For example, R is a statistical programming language where almost all data
structures and operations are for vectors or arrays. But it's not unusual to
see people on StackOverflow or blogs reinventing wheels like map/reduce/filter
with for loops. I agree it's just inexperience that led to it, but the
"intended" way is still idiomatic.

------
cr0sh
If you're going to list Fortran, COBOL, Prolog, Ada, Lisp, etc - I'm of the
opinion that you need to list BASIC as well.

You list VB - but you don't say if this is VB.NET, or prior VB versions
(3,4,5,6)? VB.NET isn't quite identical to the others...

...and VB is nothing like plain-old BASIC (and later dialects). In fact, you
might lump them all under BASIC, as VB owes more to BASIC than being it's own
thing (though VB.NET seems more a name than being BASIC - just my opinion,
though, as a long time ago VB3-6 coder - I'd call it "BASIC-ish").

Other than that - this looks interesting. UI could use a bit more work, but
seems like a good start.

------
thsealienbstrds
Quality of the site aside, this concept would be great with JSON-API or
something so it can be integrated with <insert favorite editor/IDE here>.

------
velcrovan
Hey, it's a neat project. Of course it could use improvements and a few
disclaimers, but hey. Good on you for making it.
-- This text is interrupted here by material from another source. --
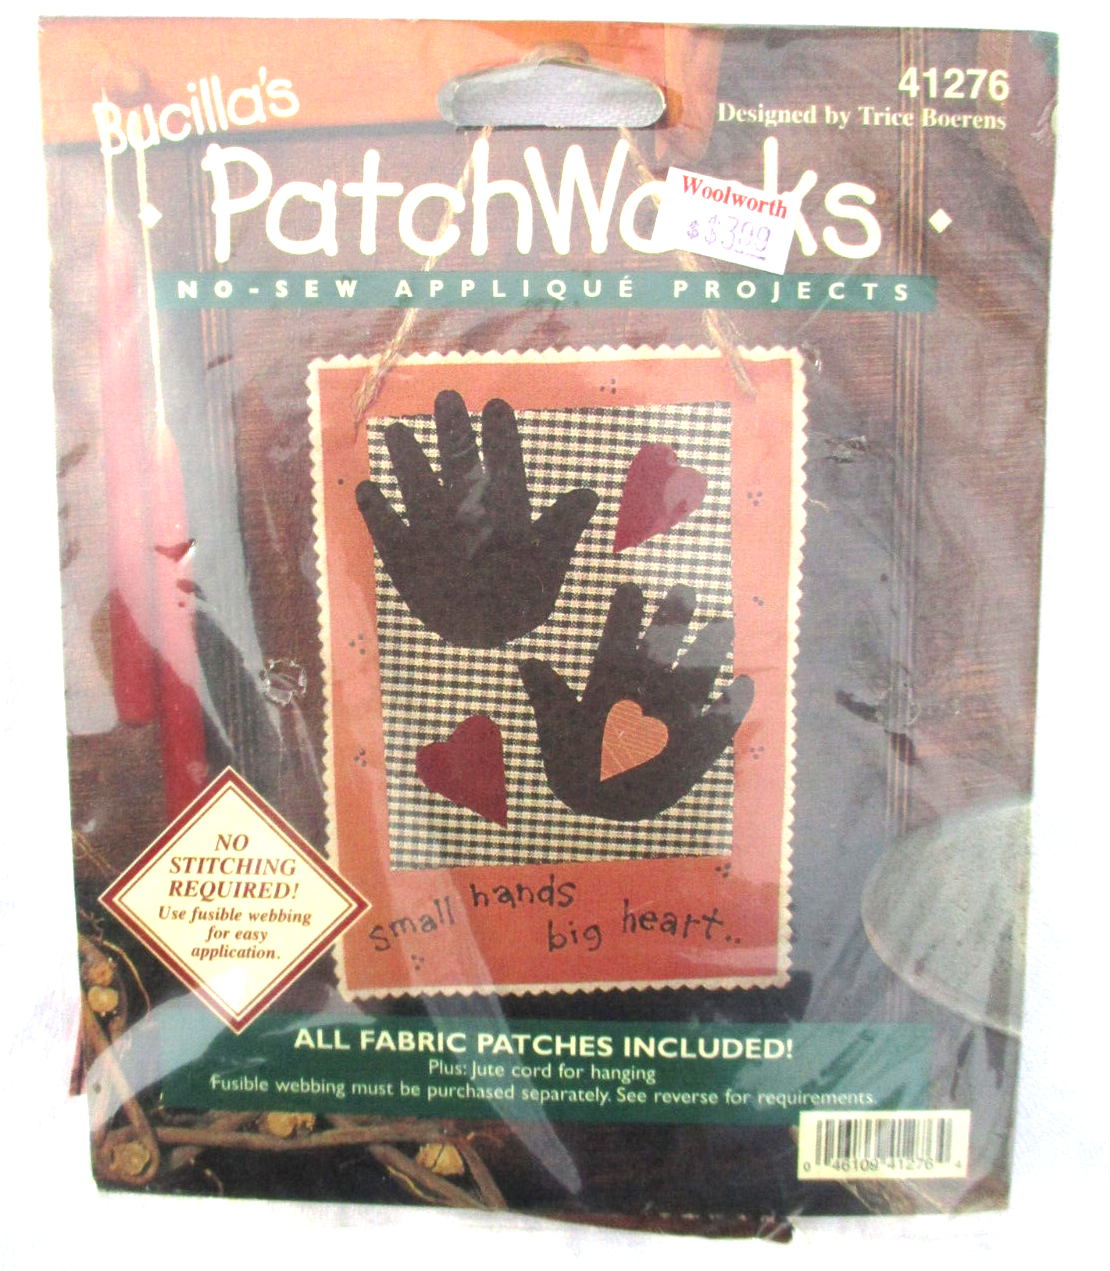 Bucilla PatchWorks No Sew Applique Kit SMALL HANDS BIG HEART 5x7 NEW 1990s - $9.49
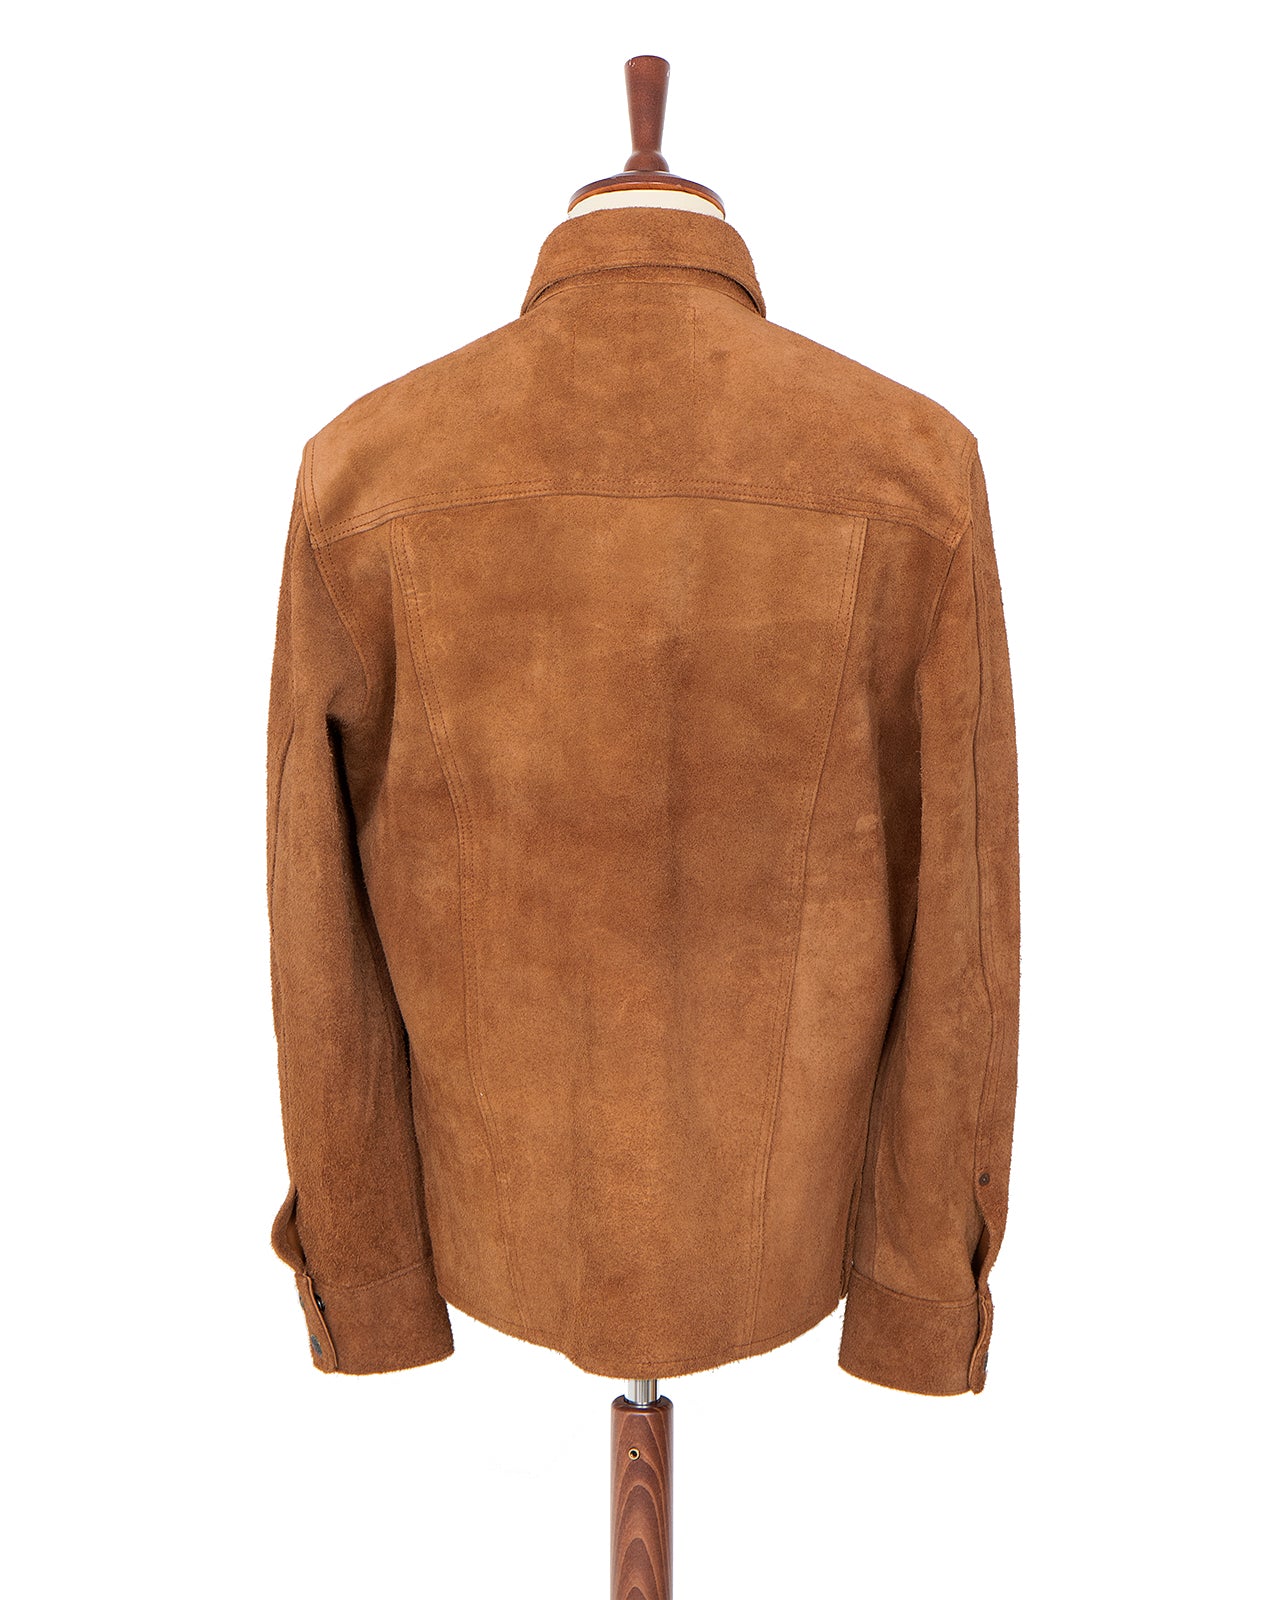 Indigofera Copeland Shirt, Rough Out Leather, Cognac

Added a request for Racket support!

------
krapp
The wheel is, in terms of elegance and function, a perfect machine - it can't
be simplified, nor can it be improved upon. The point of the idiom being that
any attempt to do so will either lead back to the wheel, or an inferior,
unnecessarily complex alternative.

The problem with applying this to programming is the implication that there
are languages, frameworks, patterns, and idioms which are equivalent to the
wheel, in that there always exists one objectively correct, perfect solution
which can't be improved upon. I don't believe programming has the equivalent
of a wheel, yet.

What people tend to mean when they say "don't reinvent the wheel" in the
context of programming is either "don't waste time writing code that already
exists and is _adequate_ " or "don't use $X because I like $Y."

------
alkonaut
I think what happens with this is too much context is lost and in the end you
can't really describe what the "right way" to do things is.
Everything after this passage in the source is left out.